LA JEUNESSE CENTRAFRICAINE A-T-ELLE TIRE DES LECONS DE LA CRISE ?

Vendredi 03 Mars 2017 : 10H31

LA JEUNESSE CENTRAFRICAINE A-T-ELLE TIRE DES LECONS DE LA CRISE ?

 

 

Selon nos investigations, la jeunesse centrafricaine n’a pas encore tiré des leçons de la grave crise militaro-politique que nous traversons. De l’Université aux établissements secondaires, en passant dans les quartiers de la ville de Bangui, les jeunes centrafricains lettrés et illettrés conjuguent le même langage. Est ce qu’il y  a réellement des jeunes instruits en RCA ? Pourtant, ce sont les jeunes innocents qui ont payé et continuent de payer le lourd tribut de la crise. « L’ignorance est plus pire que la mort ». C’est le cas de la jeunesse centrafricaine totalement ignorante et manipulable à souhait.

Durant la crise, nous avions vu des jeunes  qui sortaient dans la rue, brûlaient des pneus sur les grandes avenues de la capitale sans pour autant mesurer les conséquences des actes qu’ils posaient. Pour un billet de 500 francs, les jeunes ont choisi de piller les édifices publics et privés, les ONGS humanitaires internationales et nationales. Aujourd’hui, cette même jeunesse se plaint du fort taux de chômage dont elle est victime. Comment expliquer la moralité de cette jeunesse ? Pourtant, la majorité des jeunes centrafricains étaient embauchés et travaillaient dans  ces ONG nationales et internationales. Est-ce aujourd’hui qu’ils voient mieux ? « Le changement climatique » est devenu une chanson presqu’universelle.
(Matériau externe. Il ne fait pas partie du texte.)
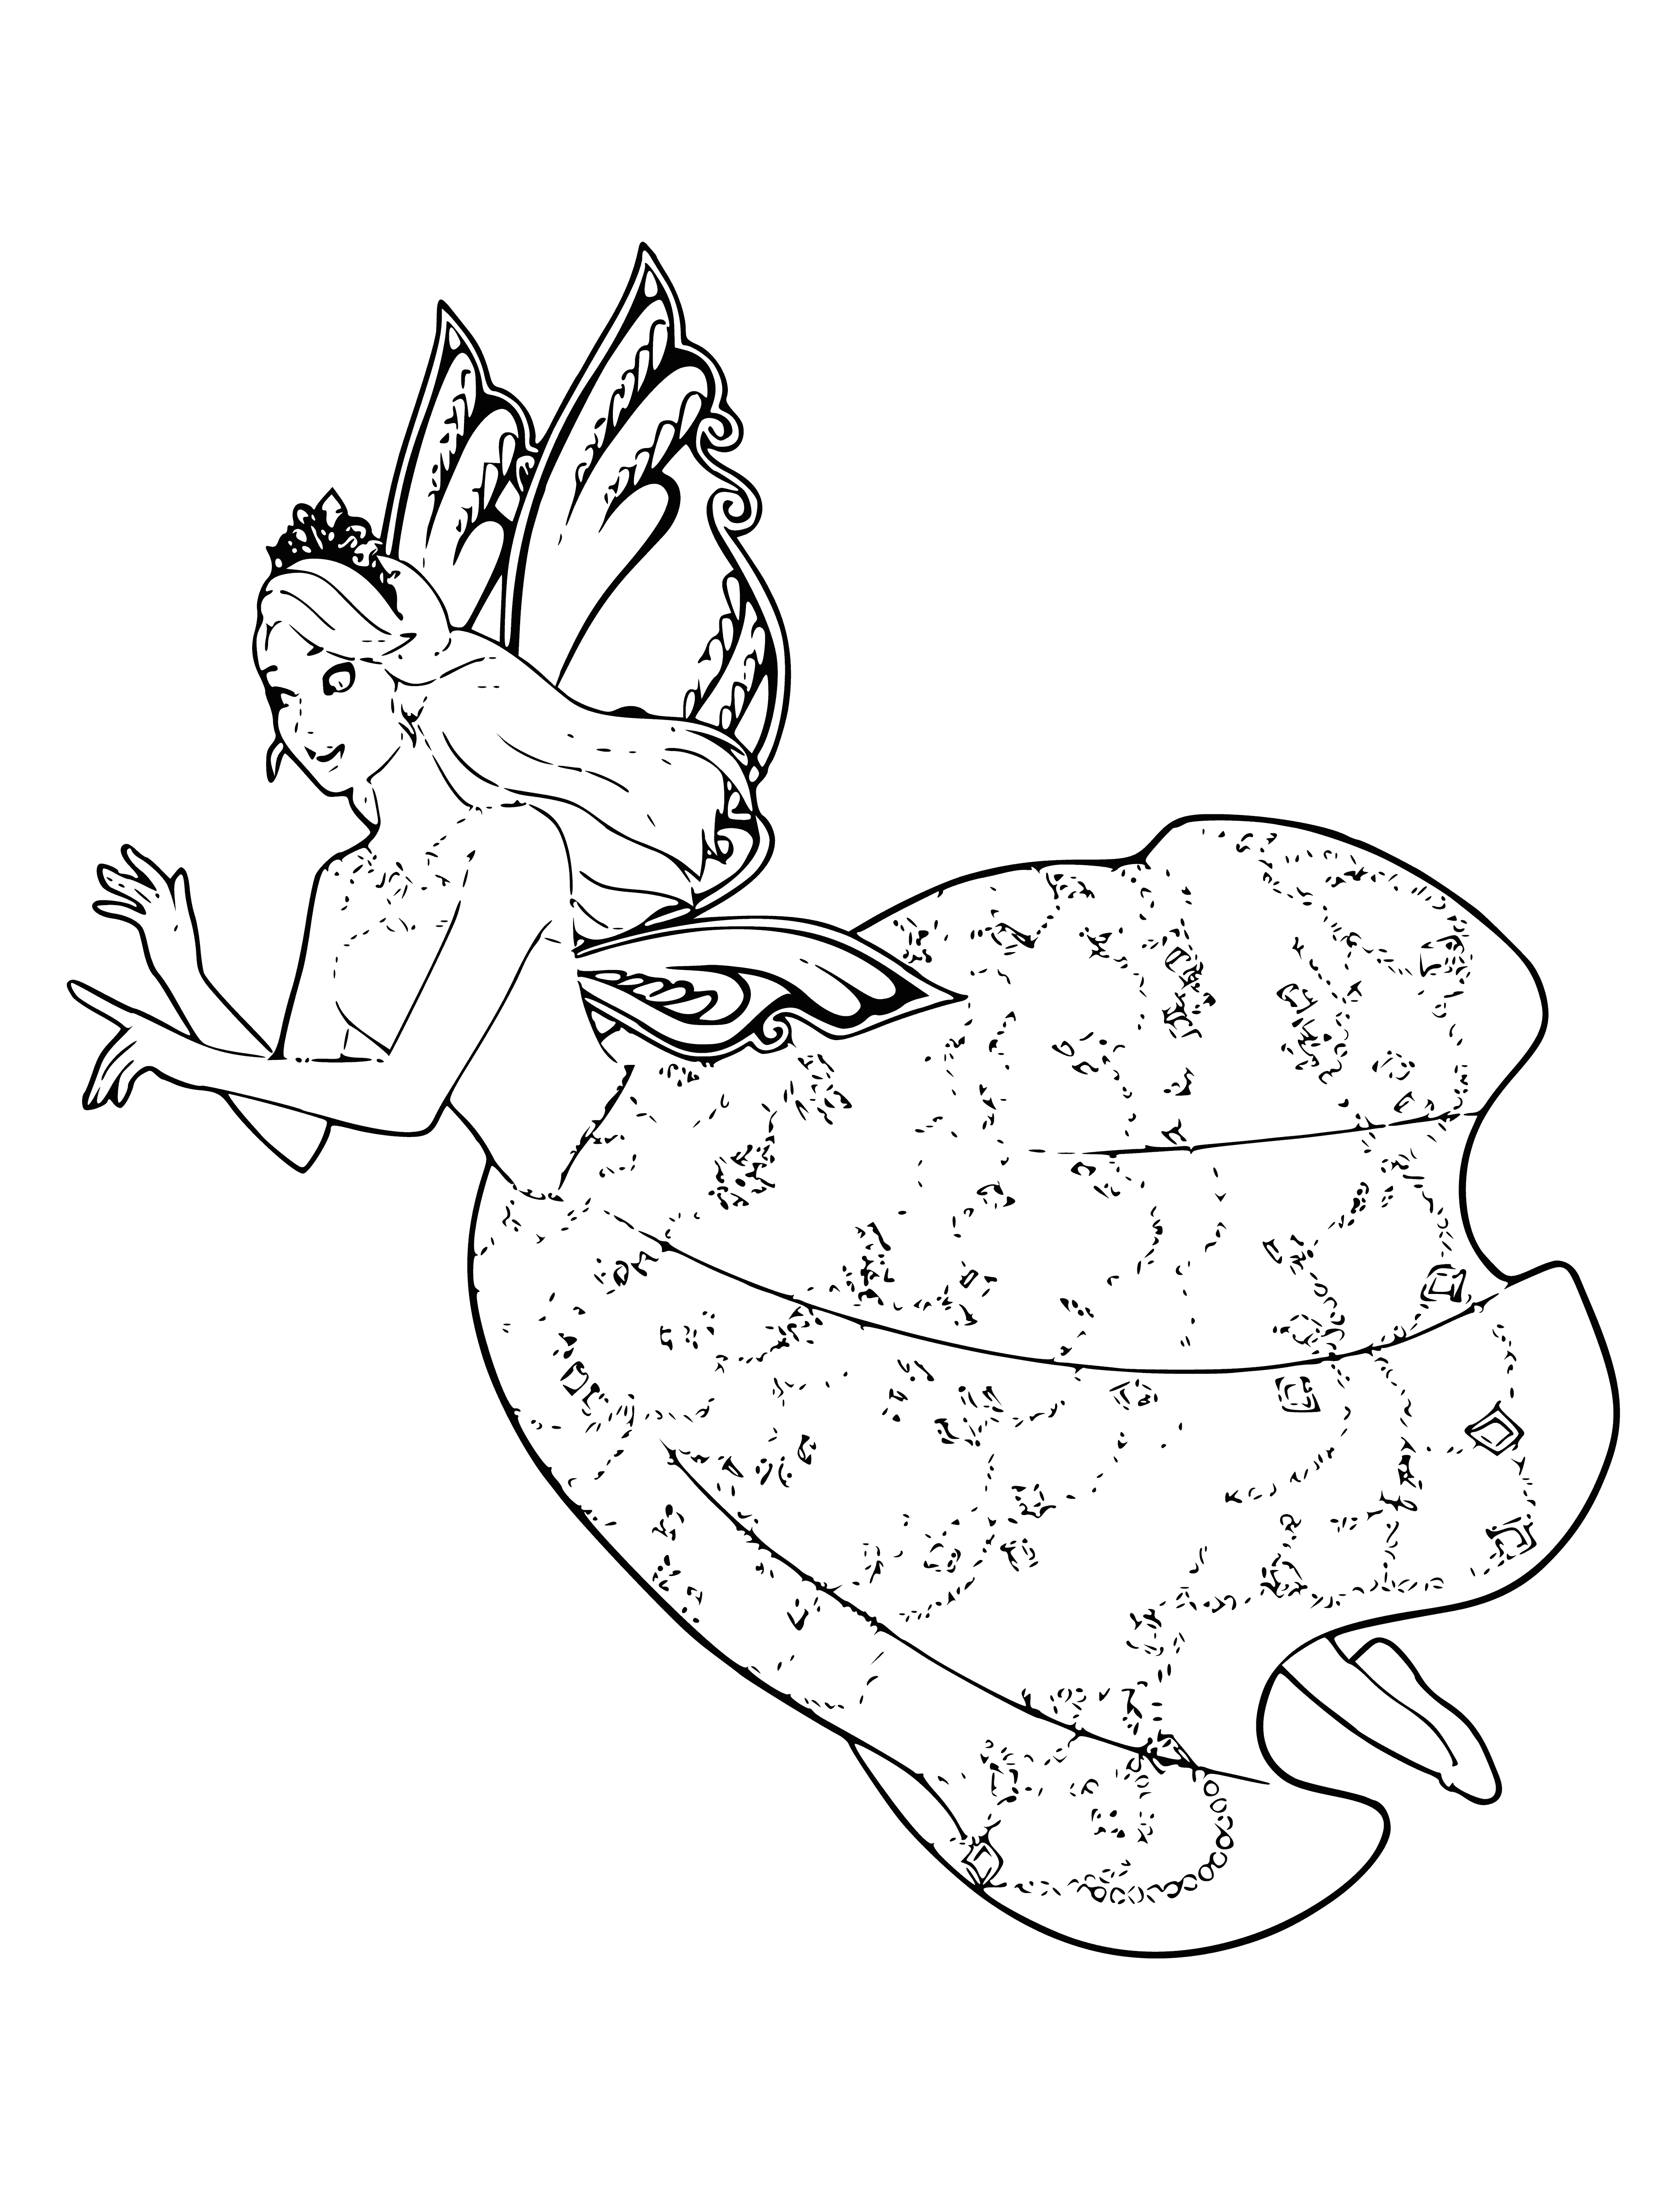 coloring page: Fairy Catania is a fairytale princess living in a magical valley where the sun always shines and the flowers never stop blooming.

Mais personne ne songe à mûrir la réflexion sur l’origine d’un tel changement et de proposer des pistes de solution. Quand les jeunes brûlaient ces pneus sur les voies publiques, cela ne pourrait-il pas avoir d’impact sur l’environnement ? Les Centrafricains vivent encore au Moyen Age au regard des actes qu’ils continuent de poser pour détruire leur propre pays.

Certains pays à l’exemple du Rwanda a traversé la pire crise. Mais jamais, nous avions connu un tel degré de destruction comme en RCA. Tout compte fait, les Centrafricains sont prêts à trahir leur pays même pour une pièce de 100 francs. Simplement parce qu’ils veulent gagner le monde en un seul jour. Et la jeunesse est le pion des leaders politiques pour détruire le pays. L’expérience a démontré pendant la crise que les jeunes ont été manipulés par les leaders des partis politiques pour mettre le pays à feu et à sang. C’est politiquement correct pour être en conformité avec les rites des soi disant hommes politiques centrafricains. La jeunesse, au lieu de chercher des opportunités pour sortir du chômage, préfère plutôt braquer, tuer, piller pour gagner de l’argent sale qui ne leur sera jamais profitable. Une jeunesse mendiante à longueur de journée dans les quartiers. Elle aime les jeux de « Ludo », de « dame », de « kissoro », sans pour autant mener des actions concrètes pour changer leur mode de vie. Or, c’est le chômage endémique qui pousse les jeunes à entrer dans les rébellions et détruire leur pays. Pour certains jeunes que nous avons rencontrés dans les quartiers, « c’est l’Etat qui ne veut pas nous donner du travail ». Pour d’autres encore, « il faut devenir rebelle pour avoir du travail ». Aucun sens de discernement, aucune vision après cette grave crise qui a secoué les fondements de la république. Personne ne reconnait ses torts. La faute, c’est toujours l’autre. Ainsi va la RCA de feu Barthelemy Boganda.